The amphibious battle ship Iwo Jima is docked just off the waterfront, on the southern tip of Canal Street. The military's Joint Task Force command center is housed on the ship.
National Guard units from areas as far away as Oregon and Puerto Rico maneuver military convoys of construction equipment along streets. Active-duty soldiers from the 82nd Airborne at Ft. Bragg, N.C., hump it on foot patrols.
The National Guard is providing support to FEMA and state and local authorities as they go door-to-door contacting residents who have not left the city. CBP, ICE, ATF and the Border Patrol are on hand to help with law enforcement and emergency assistance. Agents roam the streets with machine guns pointed down and pistols strapped to their waists.
FEMA and EPA officials have fanned out across the city to conduct tests of air and water. The extent of environmental damage and contamination has yet to be fully determined.

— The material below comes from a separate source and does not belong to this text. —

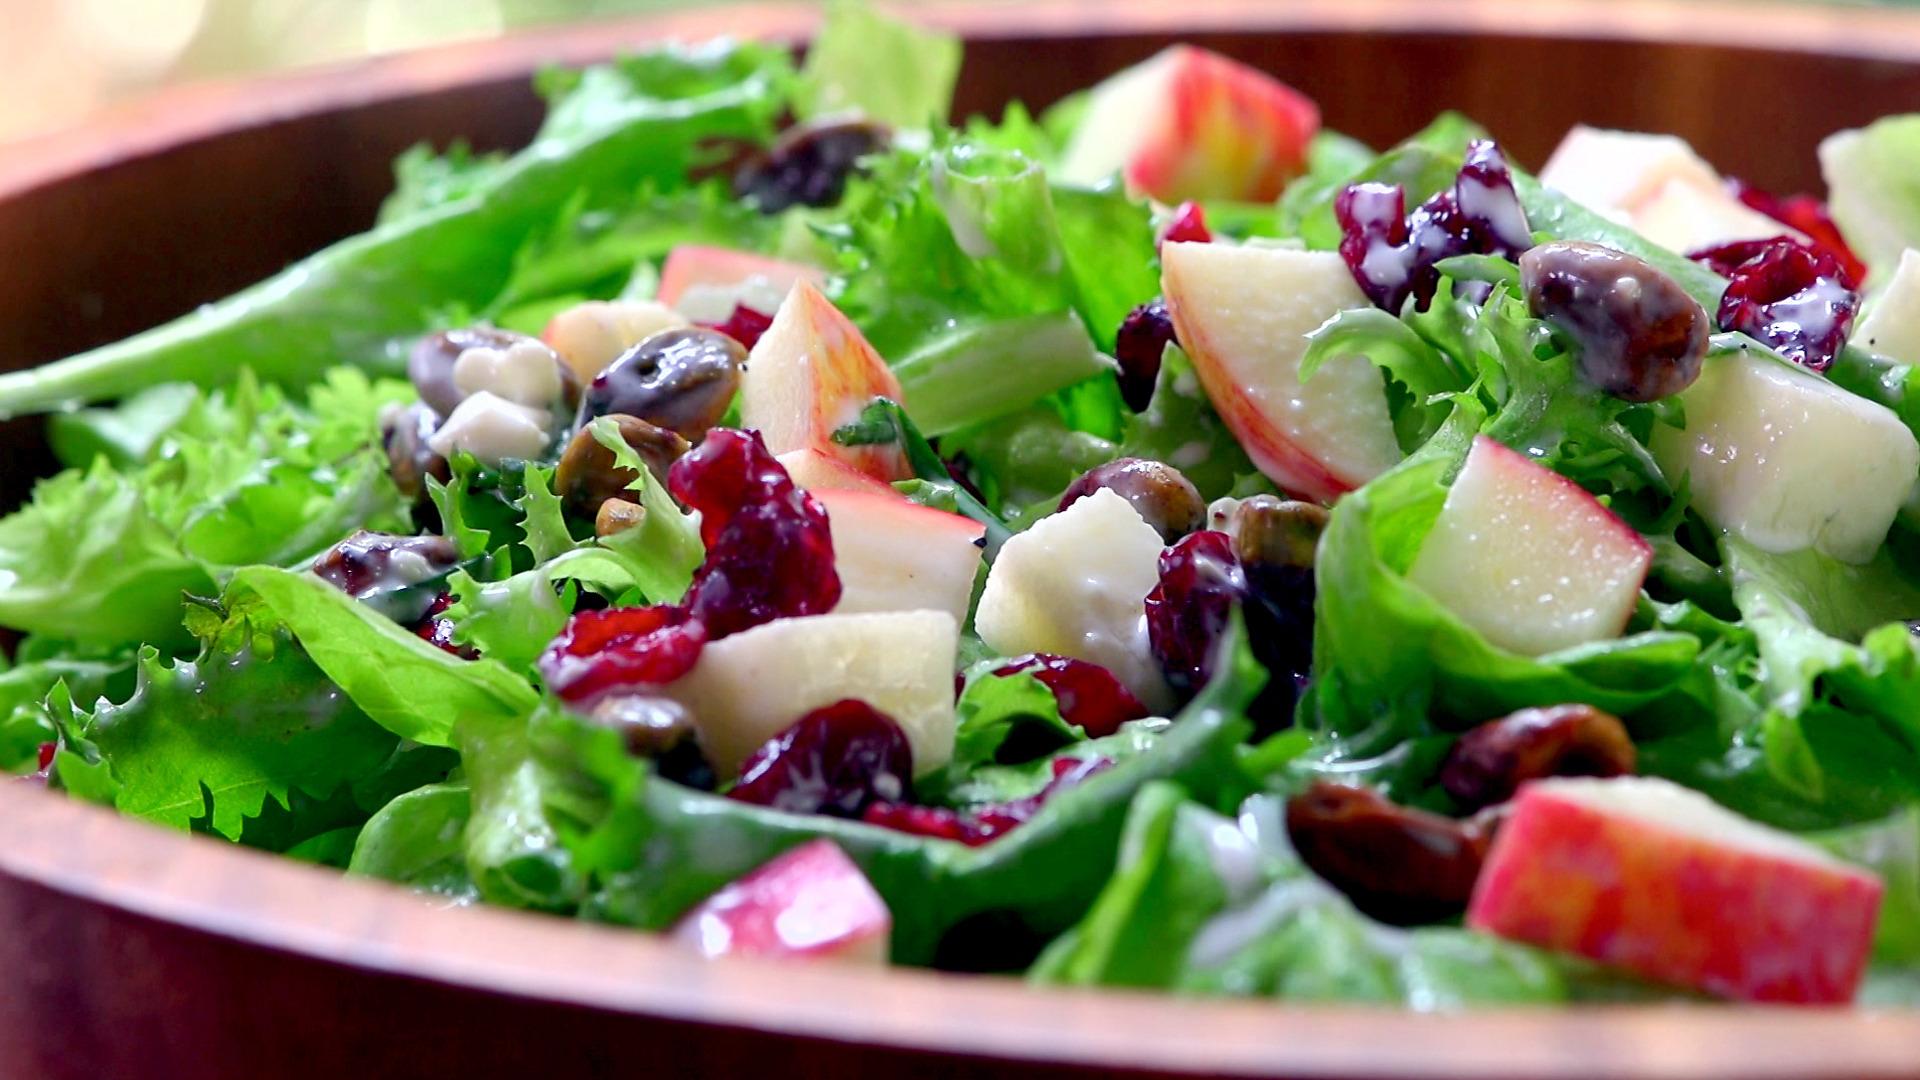 Garden-Fresh Green Leaf Salad | Food Network

Every agency has a forward-operating command center, each of which is running 24 hours a day. Officials say they've already learned all kinds of lessons about how to deal with a catastrophic situation as a result of their experience in Katrina's aftermath. New Orleans has become somewhat of a federal laboratory--an experiment in a large number of agencies descending on one place at the same time and setting up ad hoc arrangements to conduct operations, even if their efforts sometimes overlap with each other.
Despite all the destruction and chaos, some of the charm that made the Big Easy unique remains. Every day, hot food is served in front of the city's World Trade Center, compliments of the Elberta Little League. Soldiers, federal law enforcement officers, relief workers, contractors and state and local authorities stand in line together to feast on surprisingly tasty selections, such as hamburgers, hot dogs, chicken, shredded pork and shrimp creole.
As the sun goes down, the authorities pack their belongings and head back to where they berth, leaving the riverfront almost as barren as the rest of the city. Tomorrow they'll get up and do it all again. Nobody really knows when they'll be going home for good.